(EXERCISE DATA Opens)

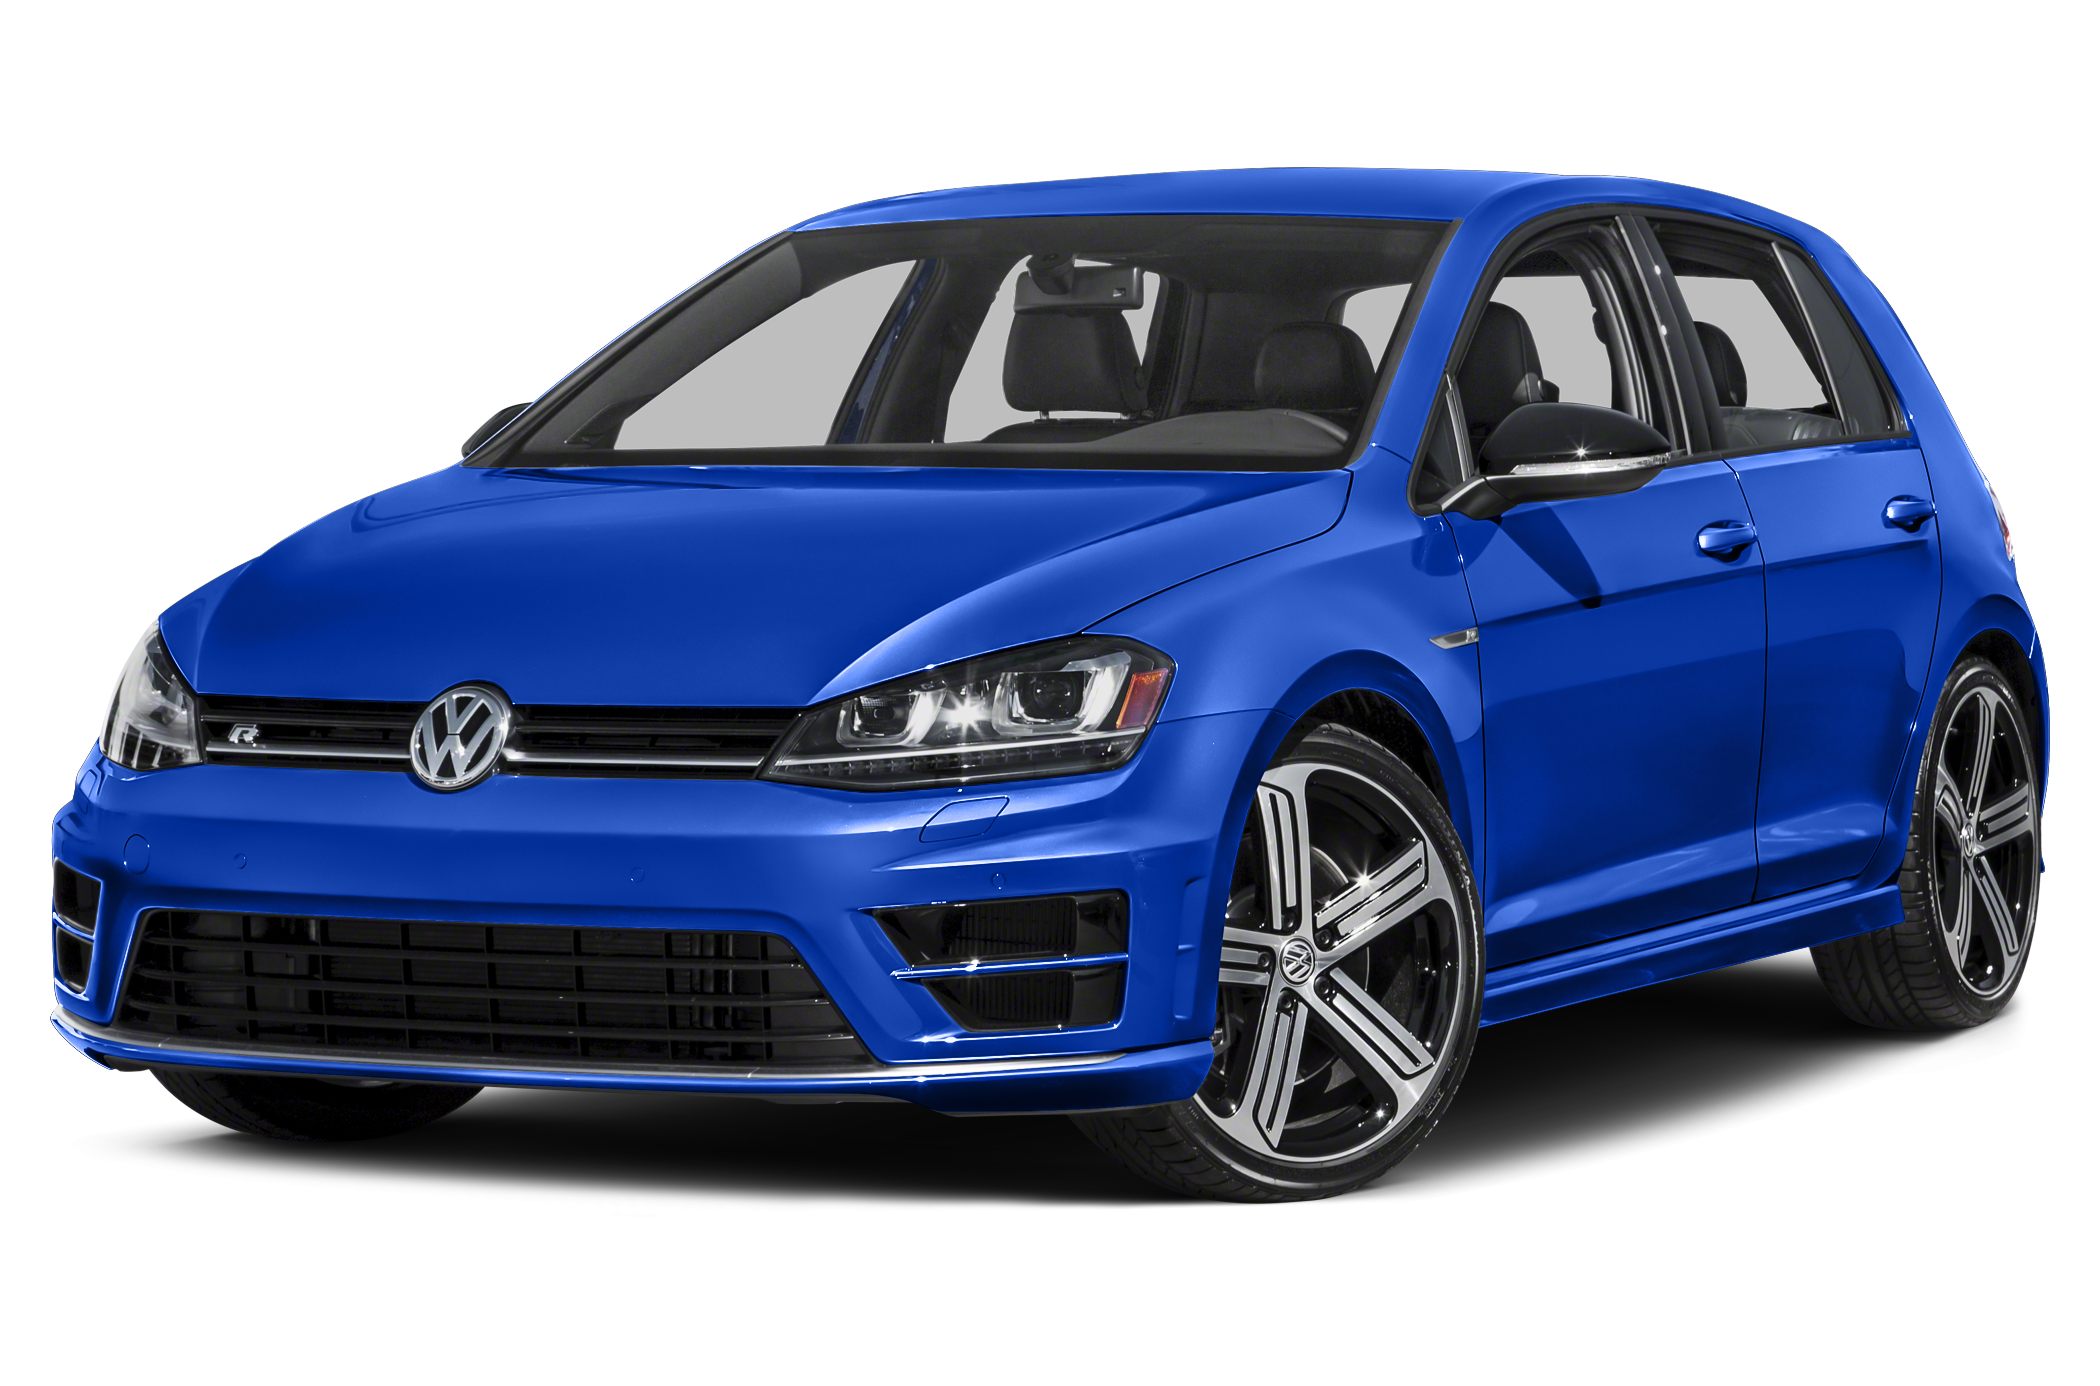 Volkswagen Golf R HD wallpapers, Desktop wallpaper - most viewed
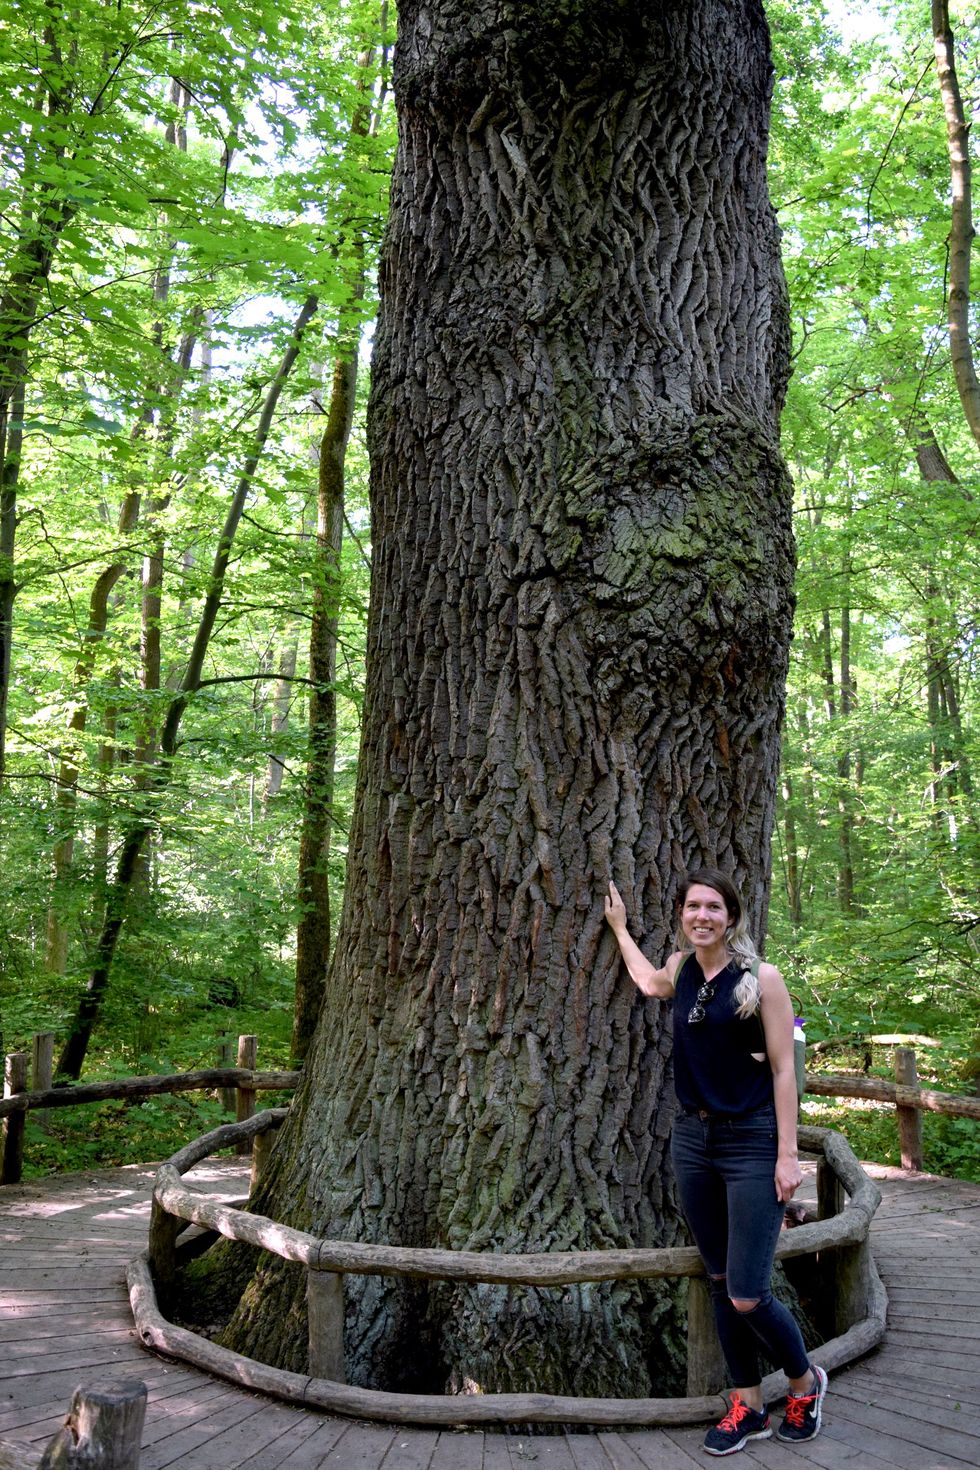 Deze eik is de dikste boom in nationaal park Hainich Grappig feit de buitenste rand van het platform geeft de omvang van de dikste boom in Duitsland aan Ruim buiten het platform staan houten paaltjes in een cirkel naar de omvang van de dikste boom ter wereld
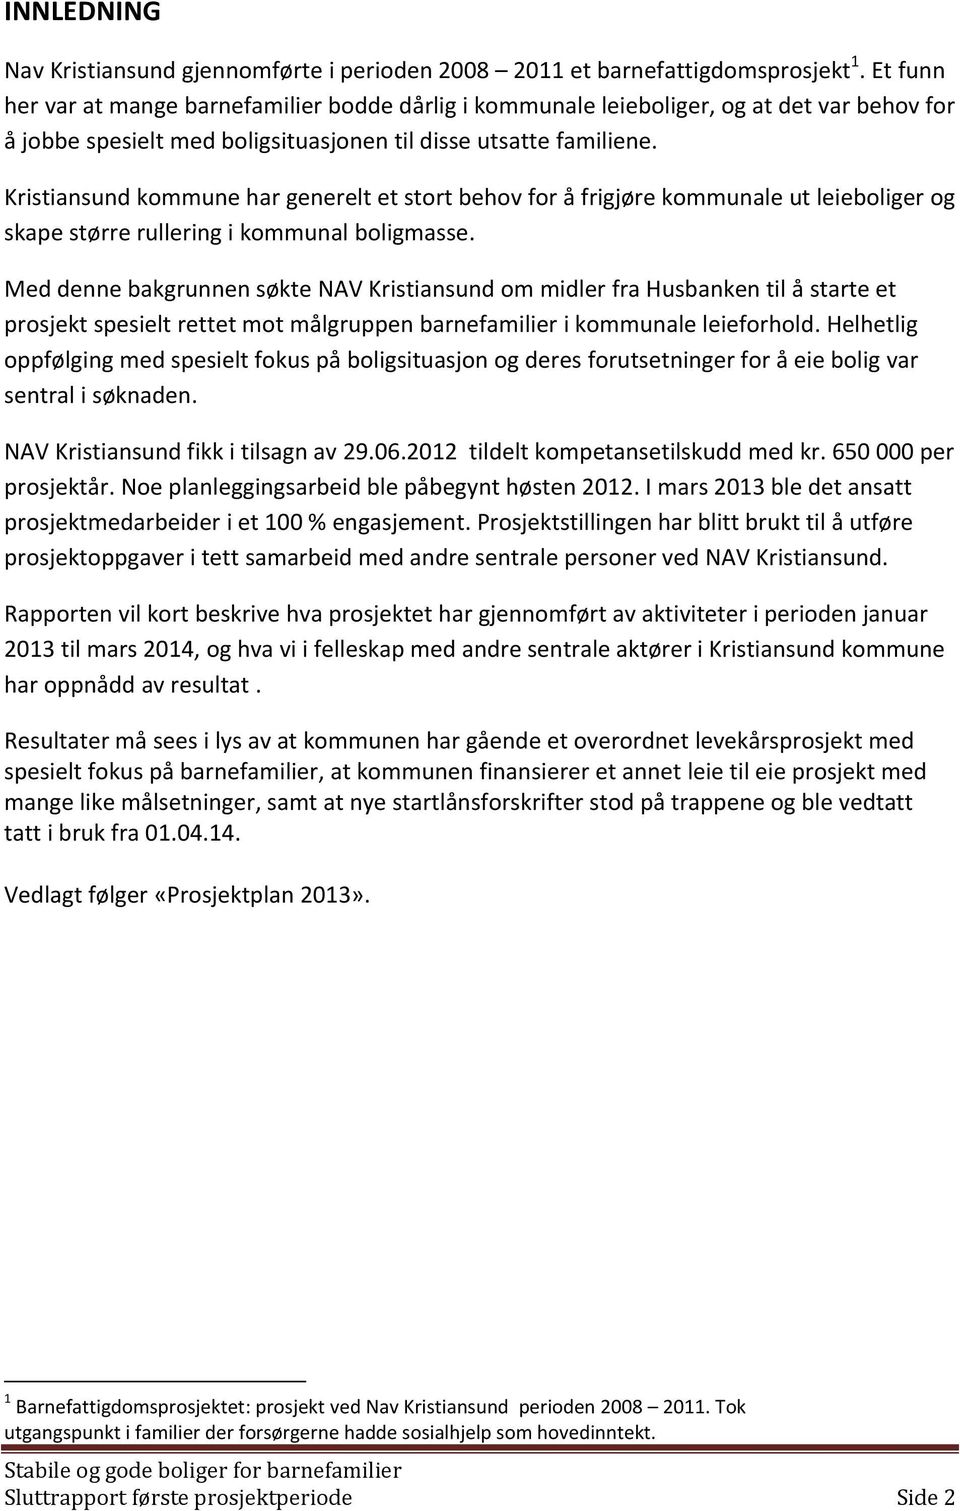 Kristiansund kommune har generelt et stort behov for å frigjøre kommunale ut leieboliger og skape større rullering i kommunal boligmasse.

(EXERCISE DATA Closes)

• EXERCISE DESCRIPTION
Leave the pictures aside. Set down exactly the lines from the one with "Deze eik is" through the final line of the listing above.

• RESPONSE TO THE TASK
 Deze eik is de dikste boom in nationaal park Hainich Grappig feit de buitenste rand van het platform geeft de omvang van de dikste boom in Duitsland aan Ruim buiten het platform staan houten paaltjes in een cirkel naar de omvang van de dikste boom ter wereld
 Kristiansund kommune har generelt et stort behov for å frigjøre kommunale ut leieboliger og skape større rullering i kommunal boligmasse.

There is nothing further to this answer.